BEIJING -- China's 2018 trade surplus with the United States surged to a record US$323.3 billion but exports contracted in December as the delayed impact of President Donald Trump's tariff hikes started to hurt demand.
Exports to the United States in 2018 rose 11.3 per cent to $478.4 billion despite Trump's punitive duties in a fight over Chinese technology ambitions, customs data showed Monday. Imports of American goods rose just 0.7 per cent over 2017, reflecting Beijing's retaliatory tariffs and encouragement to importers to buy more from non-U.S. suppliers.
In December, Chinese exports to the United States that had held up through much of the year fell 3.5 per cent from a year earlier to $40.3 billion. Sales to the U.S. market had kept growing by double digits in previous months as Chinese exporters rushed to fill orders, but forecasters said American orders would slump once the full impact of Trump's penalties hit.
The slowdown adds to pressure on Beijing to resolve the battle with Trump at a time when the ruling Communist Party also is trying to reverse an economic slowdown.
"The external environment is still complicated and severe," a customs agency spokesman, Li Kuiwen, said at a news conference.
Li cited dangers including "protectionism and unilateralism" -- a reference to Trump's import controls -- a possible slowdown in global economic growth and a decline in cross-border investment.
U.S. and Chinese officials ended a three-day negotiating session last week with no sign of agreements or word on what their next step would be.

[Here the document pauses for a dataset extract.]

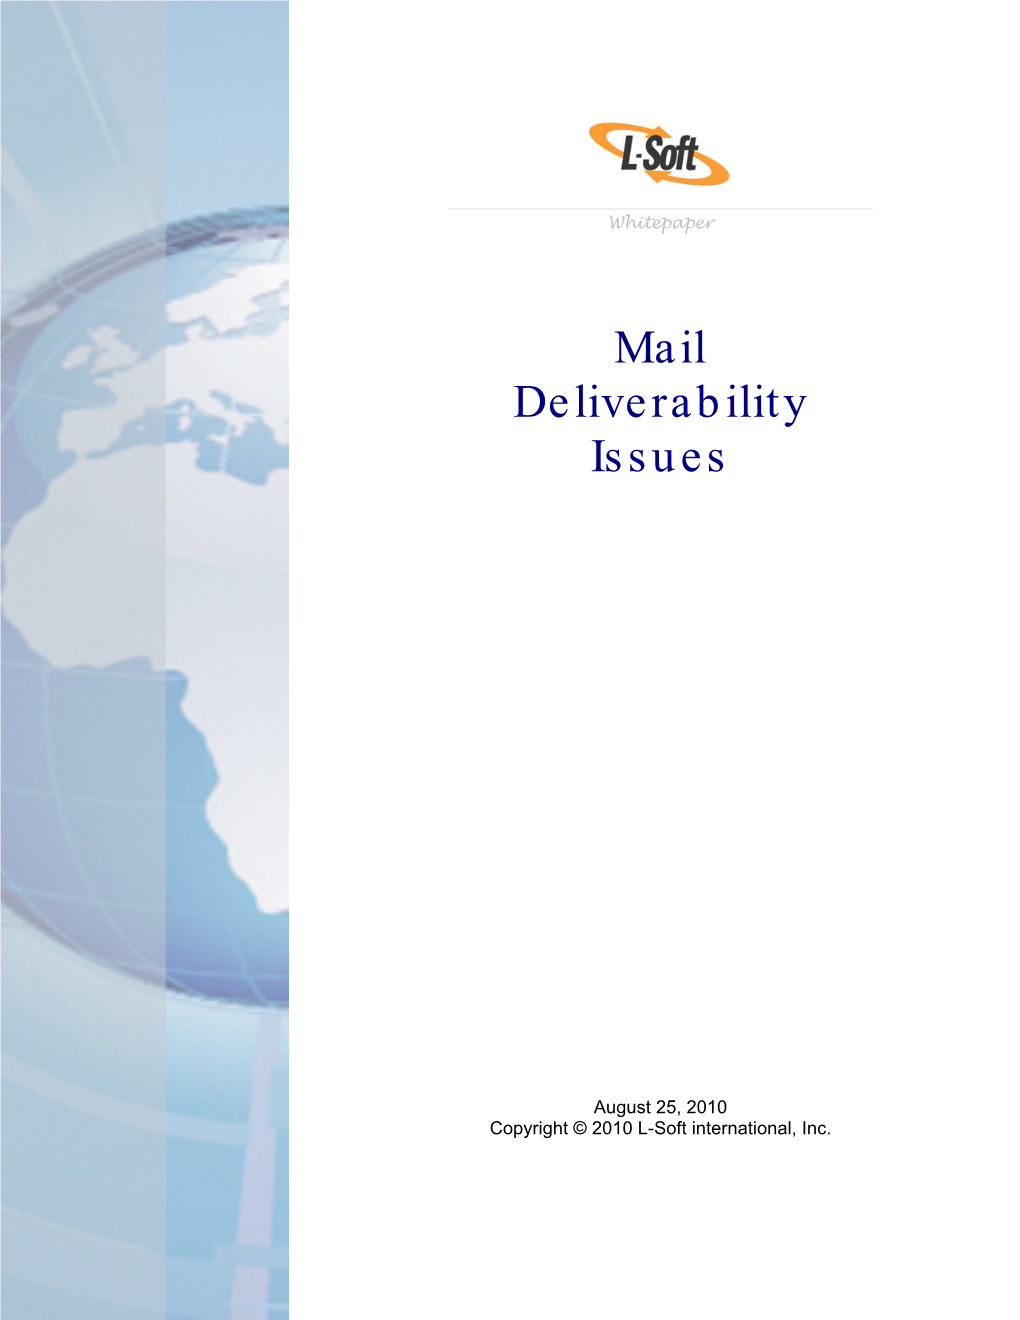 Mail Deliverability Issues

"The record U.S. trade deficit with China will sit uncomfortably with the Trump administration," Nick Marro of the Economist Intelligence Unit said in a report. "That may cast a shadow over the next round of trade talks."
Trump and his Chinese counterpart, Xi Jinping, agreed on Dec. 1 to postpone additional tariff hikes by 90 days while they negotiated. But penalties of up to 25 per cent already imposed on billions of dollars of each other's goods remain in place, raising the cost for American and Chinese buyers of soybeans, medical equipment and other goods.

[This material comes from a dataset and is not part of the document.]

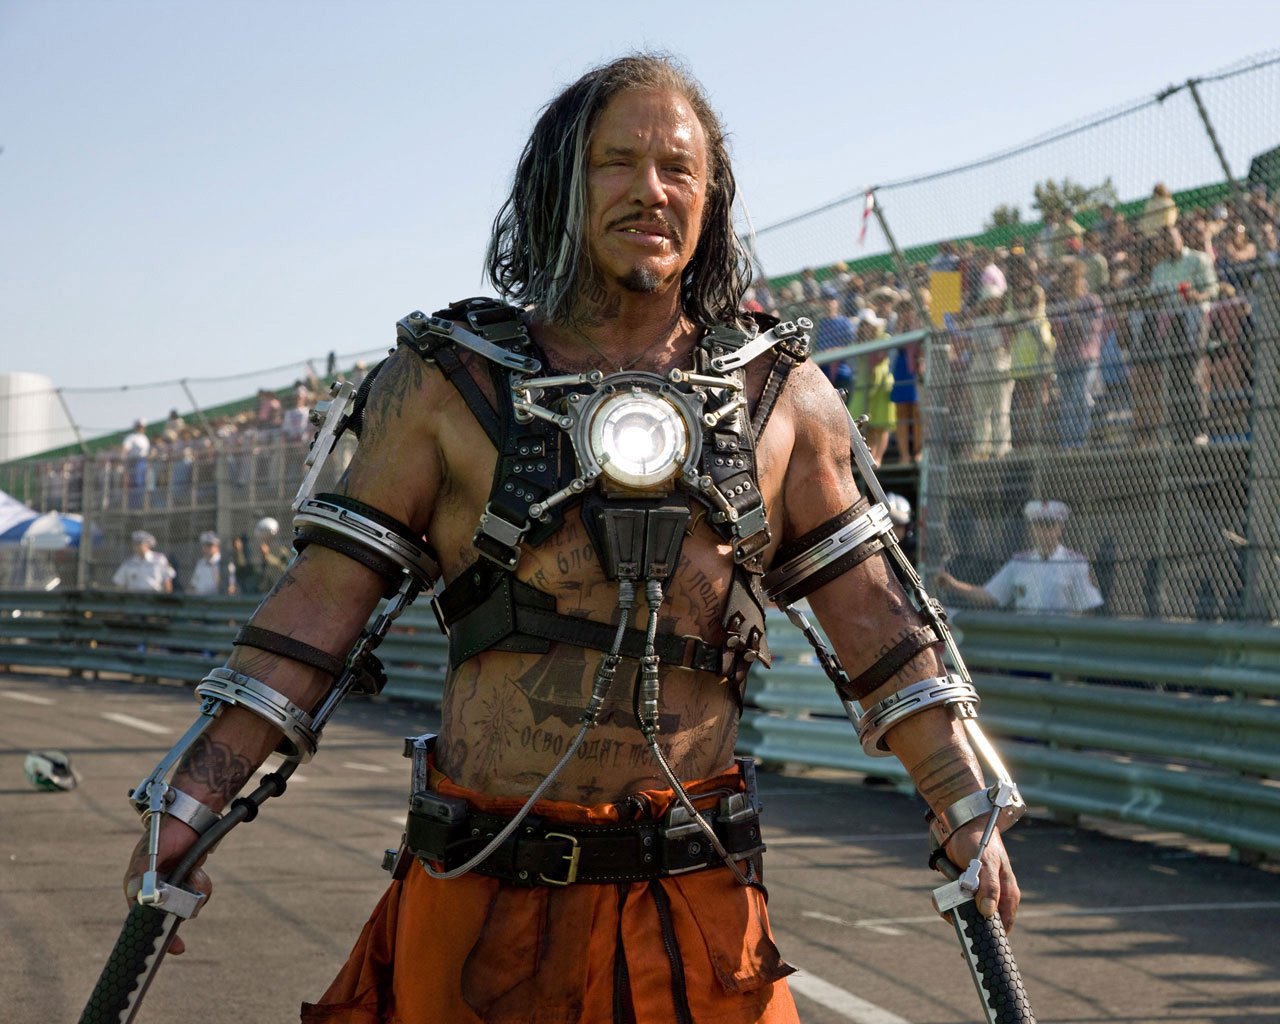 Download High quality Mickey Rourke Iron Man 2 wallpaper / 1280x1024

Trump is pressing Beijing to roll back plans for state-led creation of Chinese champions in robotics and other tech fields. Washington, Europe and other trading partners complain such policies violate its market-opening obligations. Chinese officials have suggested initiatives such as "Made in China 2025" might be opened to foreign companies, but they refuse to abandon strategies they see as a path to prosperity and more global influence.
Chinese leaders are trying to reduce reliance on trade and nurture self-sustaining economic growth based on domestic consumer spending. But their plans call for keeping exports stable to avoid politically dangerous job losses.

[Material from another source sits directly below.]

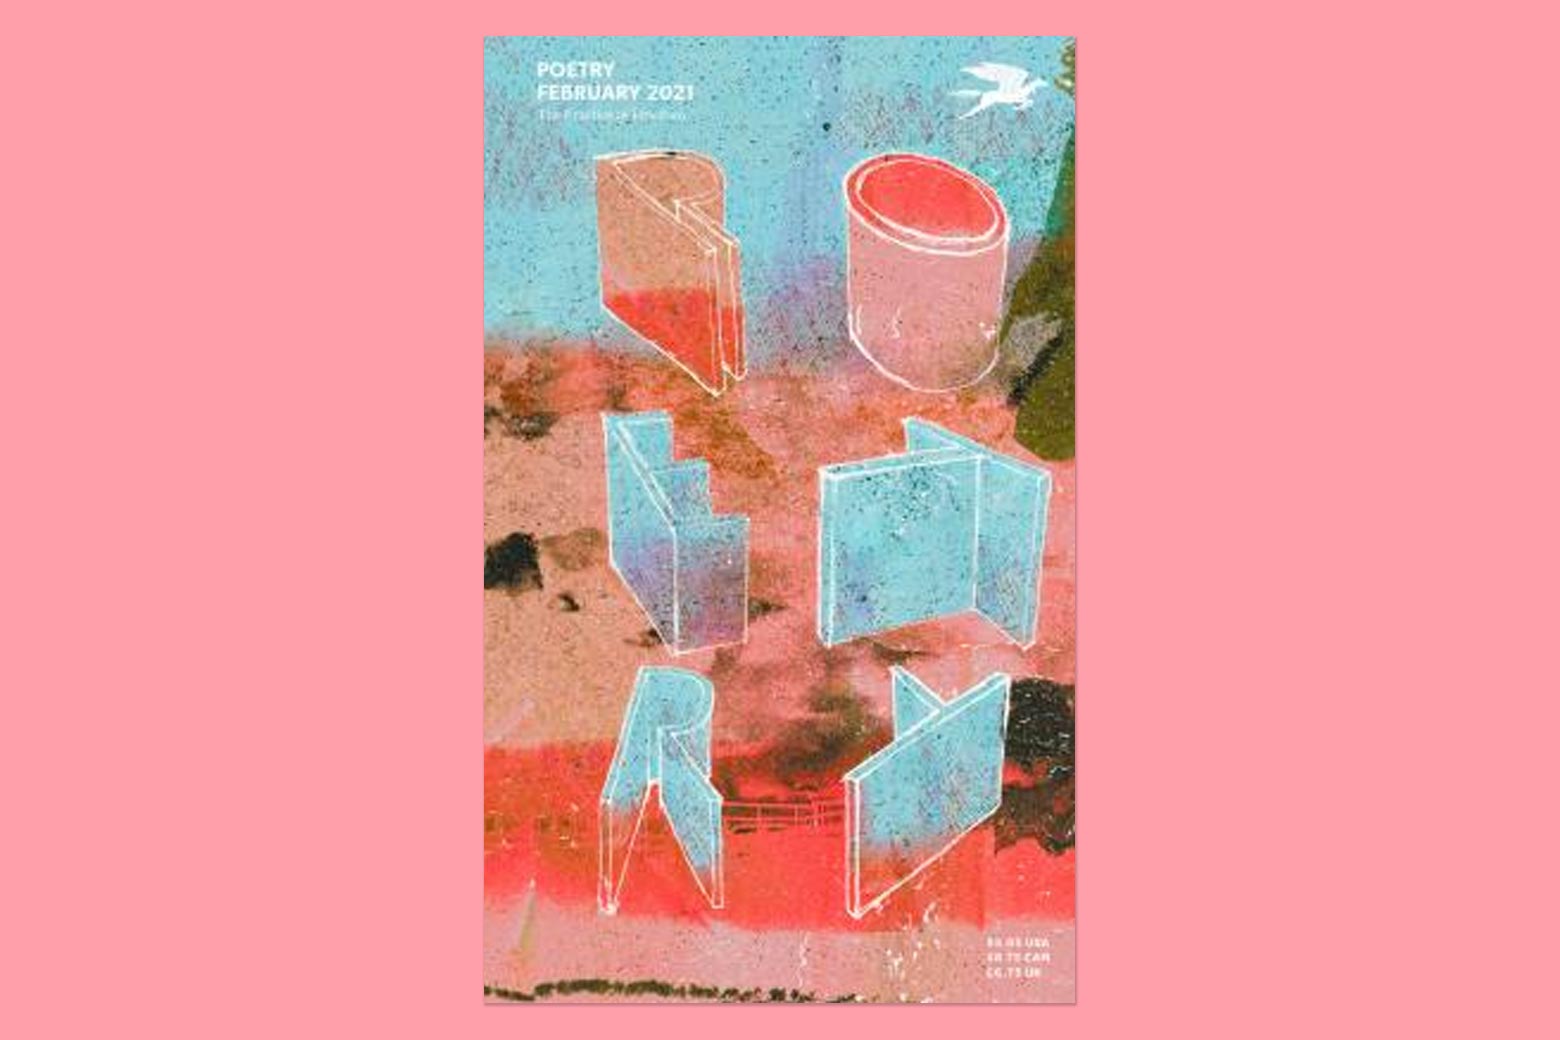 The cover of Poetry magazine’s February issue.

Some companies have shifted production of goods bound for the United States out of China to avoid Trump's tariffs. Others are lining up non-Chinese suppliers of industrial components.
December's trade contraction is "like to continue into 2019 due to falling foreign demand, including demand for Chinese-made electronic products," Iris Pang of ING said in a report.
Pang noted Chinese imports of more advanced technology for use in manufacturing smartphones and other higher-technology products declined 14.9 per cent in December, nearly double the size of the contraction in overall trade.
That likely is due in part to "foreign companies avoiding using China-made electronic components," said Pang in a report.
In December, China's global exports shrank 4.5 per cent to $221.2 billion while imports declined 7.2 per cent to $164.2 billion.
For the full year, global exports rose 7.1 per cent to $2.5 trillion, down from the 7.9 per cent rate for 2017. Imports rose 12.9 per cent to $2.1 trillion, down from the previous year's 15.9 per cent.
The country's global trade surplus was $352 billion, a marked drop from 2017's $509.7 billion. That reflects relatively stronger Chinese economic growth and consumer demand compared with its trading partners.
Given Trump's frustration with China's huge trade gap with the United States, the latest data might fuel demands by hardliners in Washington to punish Beijing.
Still, Louis Kuijs of Oxford Economics says he expects Washington to extend its 90-day deadline following the "positive vibes" of last week's talks.
"We do not see the U.S. fully removing the spectre of tariff hikes any time soon," he said in a report. But a deal for "a more lasting suspension of new tariffs" looks more likely.